Anti-Semitic acts in the U.S. have surged in the form of bomb threats against Jewish community centers and the desecration of Jewish cemeteries. Threatening phone calls to Jewish organizations and schools in more than a dozen states on Feb. 27 marked the fifth wave of such incidents in two months.
The latest round of threats, raising the total to 90, occurred after hundreds of headstones were vandalized at two Jewish cemeteries in one week. More than 170 gravestones were toppled at Chesed Shel Emeth Cemetery in St. Louis, and 100 more were damaged at Mount Carmel Cemetery in Philadelphia. These violations are the latest examples of an alarming rise in incidents of bigotry, including a multiyear surge in hate crimes by white supremacists, documented by the Anti-Defamation League and the Southern Poverty Law Center.
Among the acts of hate, cemetery vandalism stands out as an attack on sacred memory. Anyone who has buried a loved one can understand the pain a grave desecration causes. But only a member of a religious or racial minority group that has endured prejudice can know the anguish that wells up from an attack on the identity of one’s people.

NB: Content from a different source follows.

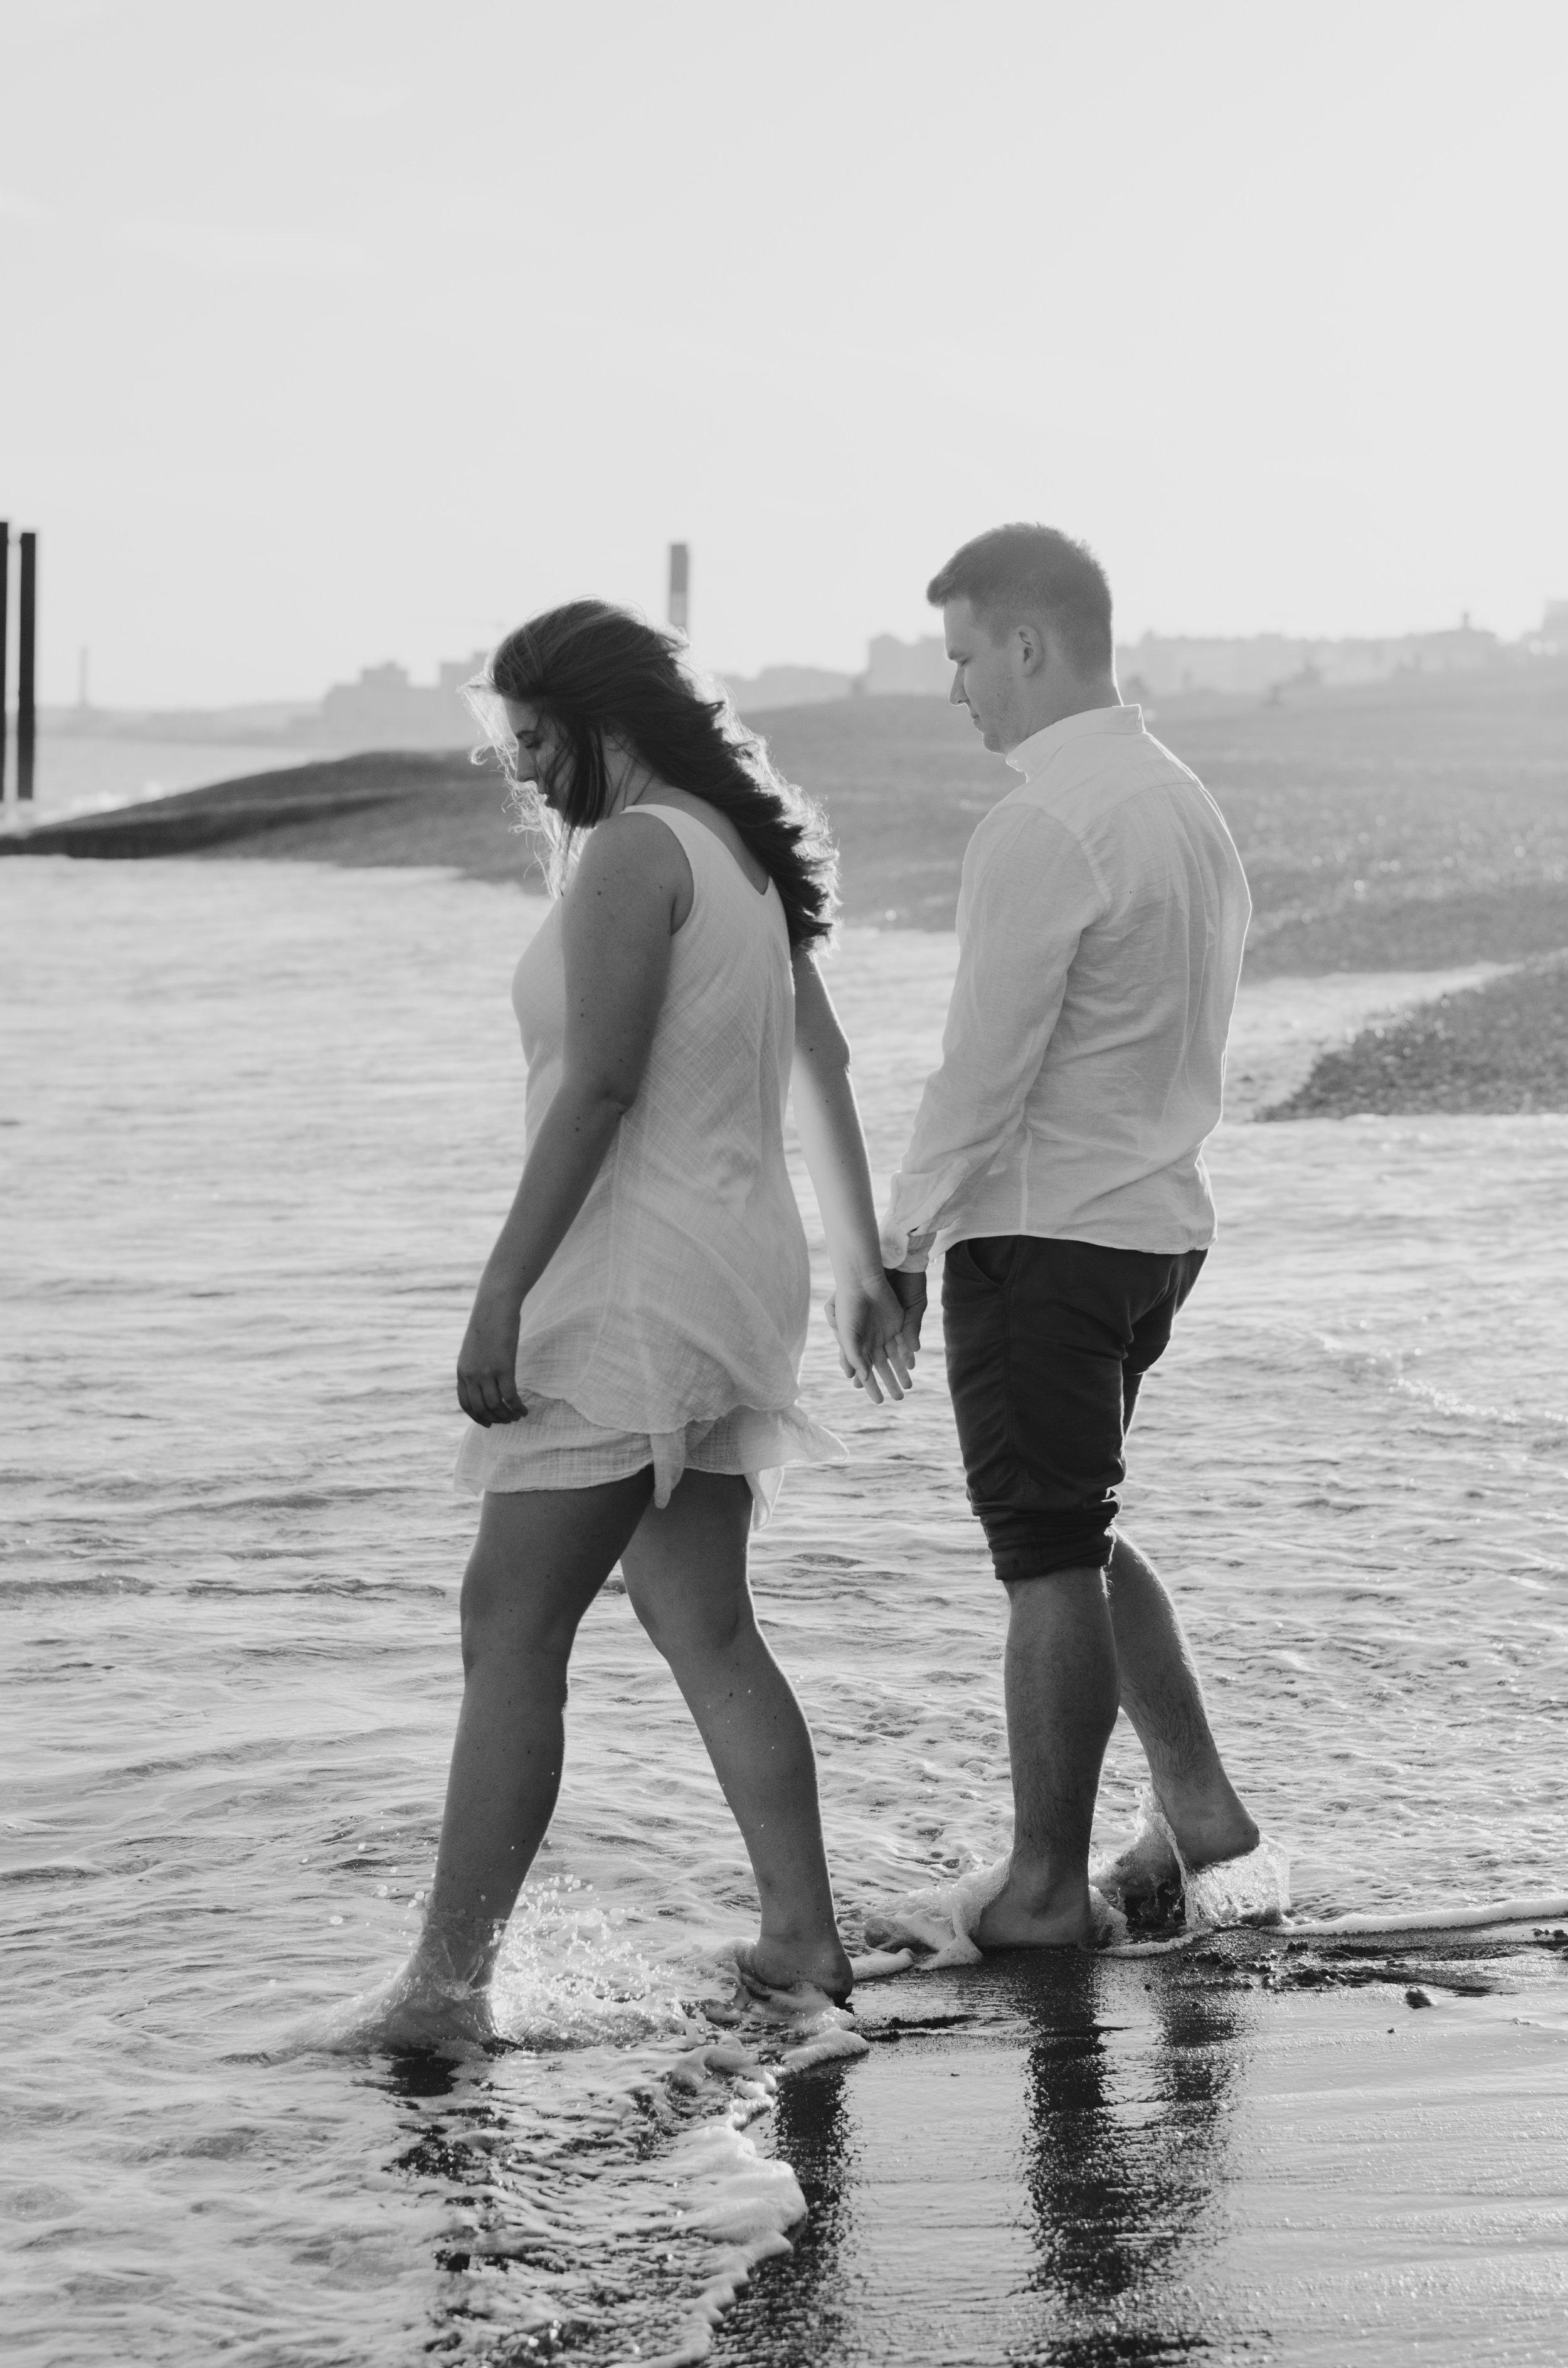 Ieva & Julius - Brighton Beach - Couple Session - Aiste Saulyte Photography-33.jpg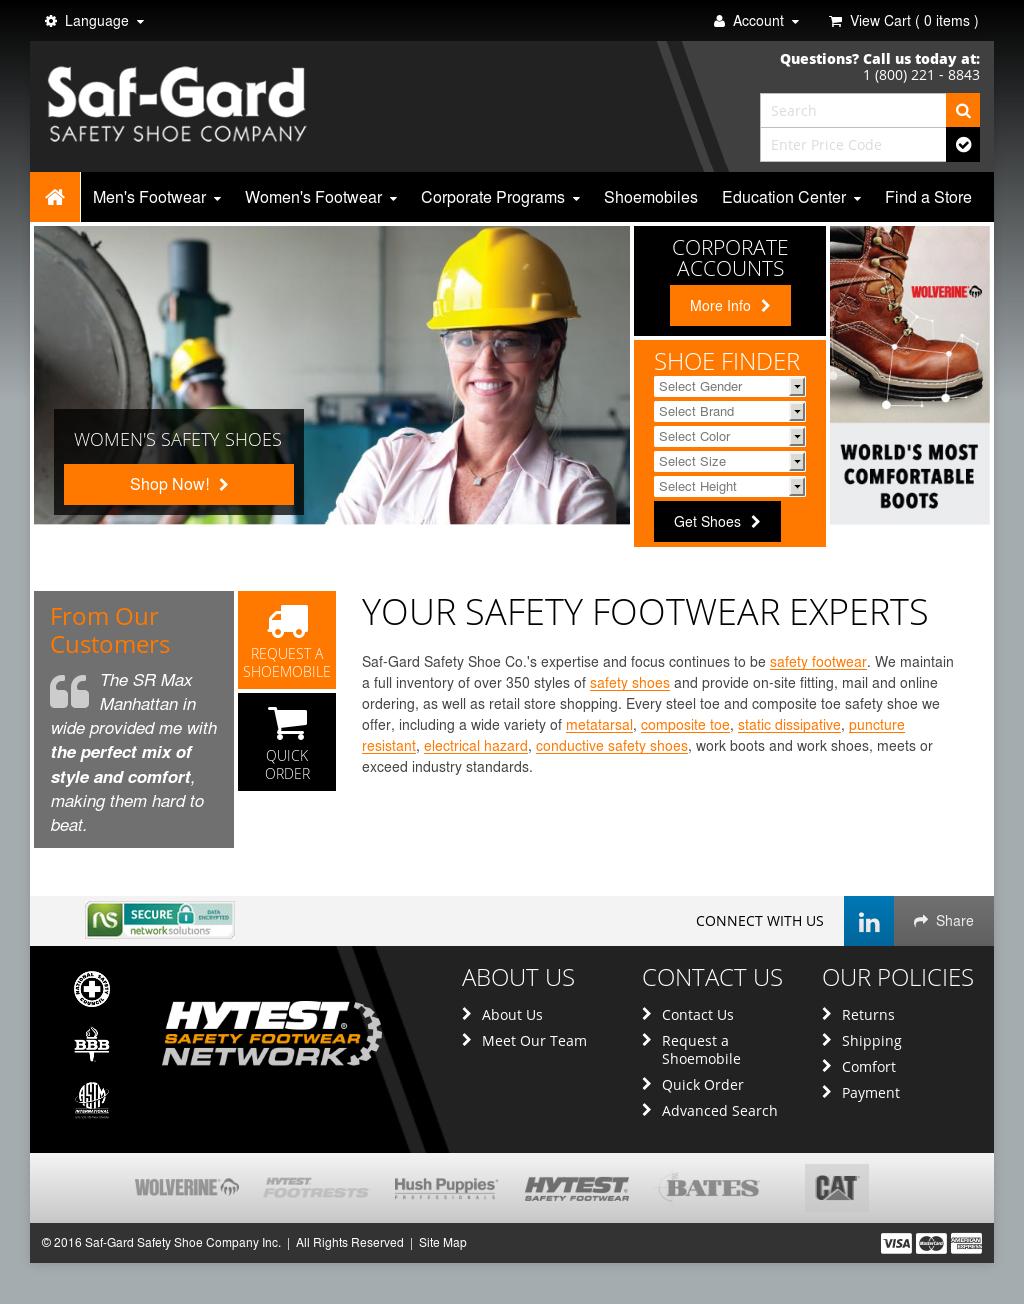 4f0659469f9 Saf-Gard Competitors, Revenue and Employees - Owler Company Profile

Reports of those who gathered to repair the damaged gravestones bring to mind the reverence the ancient Israelites showed for the remains of their patriarch Joseph. What might appear to be little more than a biblical footnote is in fact a remarkable example of faithfulness. Before his death in Egypt, Joseph directed his family to “carry my bones up from this place” (Gen. 50:25). A distant future generation would fulfill this vow. Four hundred years passed before the exodus, followed by 40 years in the wilderness, but Joseph’s bones were never lost or forgotten. Finally, near the end of the Book of Joshua, we read: “And Joseph’s bones, which the Israelites had brought up from Egypt, were buried at Shechem” (24:32). Today’s burial sites are no less sacred. In a show of interfaith solidarity, Christians and Muslims joined Jews to restore the holy places and overcome the hate.